McKnight Ian, Maas Ben, Wood Evan, Tyndall Mark W, Small Will, Lai Calvin, Montaner Julio S G, Kerr Thomas
British Columbia Centre for Excellence in HIV/AIDS, St. Paul's Hospital, Vancouver, British Columbia, Canada.
Am J Drug Alcohol Abuse. 2007;33(2):319-25. doi: 10.1080/00952990601175102.
We evaluated factors associated with public drug injection among a cohort of injection drug users (SEOSI) originally recruited from within Vancouver's supervised injecting facility (SIF).
We used univariate statistics and logistic regression to examine factors associated with public drug injection among SEOSI participants.
Between June 2004 and July 2005, 714 IDU were followed up as part of SEOSI. In multivariate analyses, factors associated with public drug injection included homelessness (adjusted odds ratio (aOR) = 3.10; p < .001), syringe lending (aOR = 5.39; p < .001), requiring help injecting (aOR = 1.60; p = .05), and reporting that wait times affected frequency of SIF use (aOR = 3.26; p < .001).
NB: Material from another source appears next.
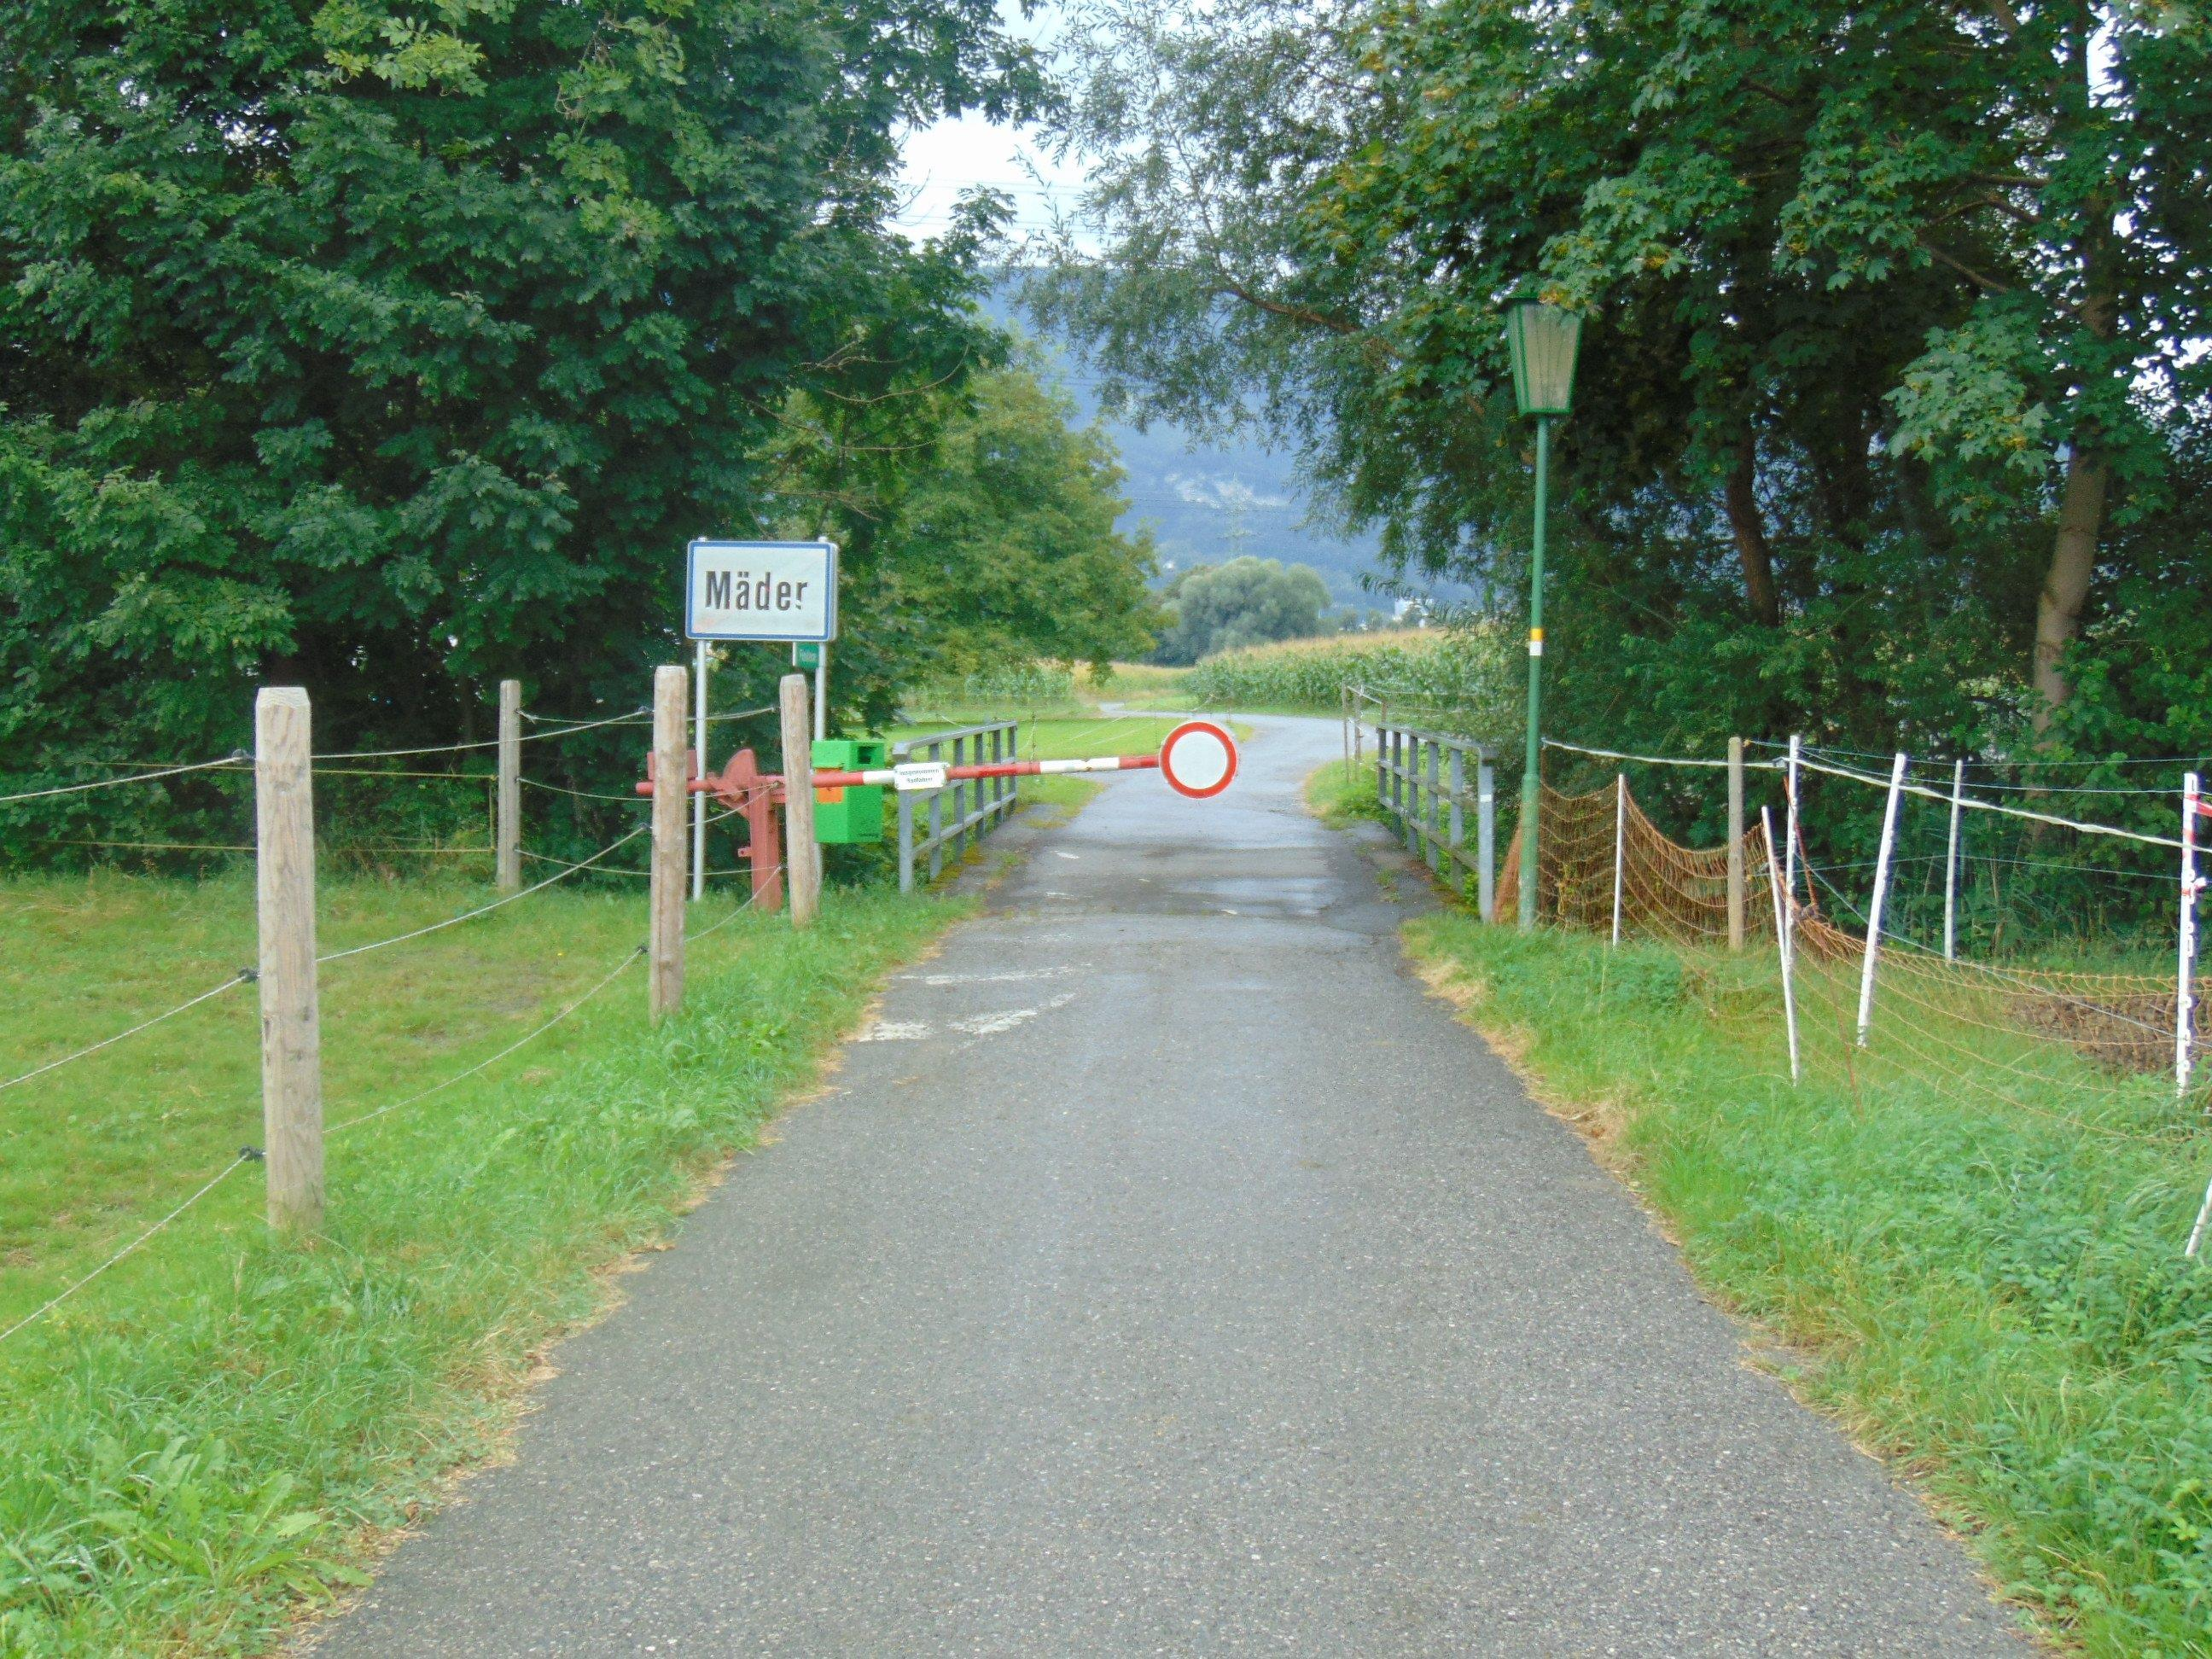 Die Durchfahrt ist bei der Schranke nach wie vor mit einem deutlich sichtbaren Fahrverbots-Schild gekennzeichnet.

Persistent public injection was independently associated with elevated HIV risk behaviors, as well as programmatic factors that limit SIF use. SIF program expansion may further help to reduce persistent risk behaviors and the community concerns related to public injection drug use.
我们评估了一组最初从温哥华监督注射设施(SIF)招募的注射吸毒者(SEOSI)中与公开注射毒品相关的因素。
我们使用单变量统计和逻辑回归来研究SEOSI参与者中与公开注射毒品相关的因素。
在2004年6月至2005年7月期间,714名注射吸毒者作为SEOSI的一部分接受了随访。在多变量分析中,与公开注射毒品相关的因素包括无家可归(调整后的优势比(aOR)= 3.10;p <.001)、注射器出借(aOR = 5.39;p <.001)、需要帮助注射(aOR = 1.60;p =.05)以及报告等待时间影响了SIF的使用频率(aOR = 3.26;p <.001)。
持续的公开注射与更高的艾滋病毒风险行为以及限制SIF使用的项目因素独立相关。SIF项目的扩展可能进一步有助于减少持续的风险行为以及与公开注射毒品使用相关的社区担忧。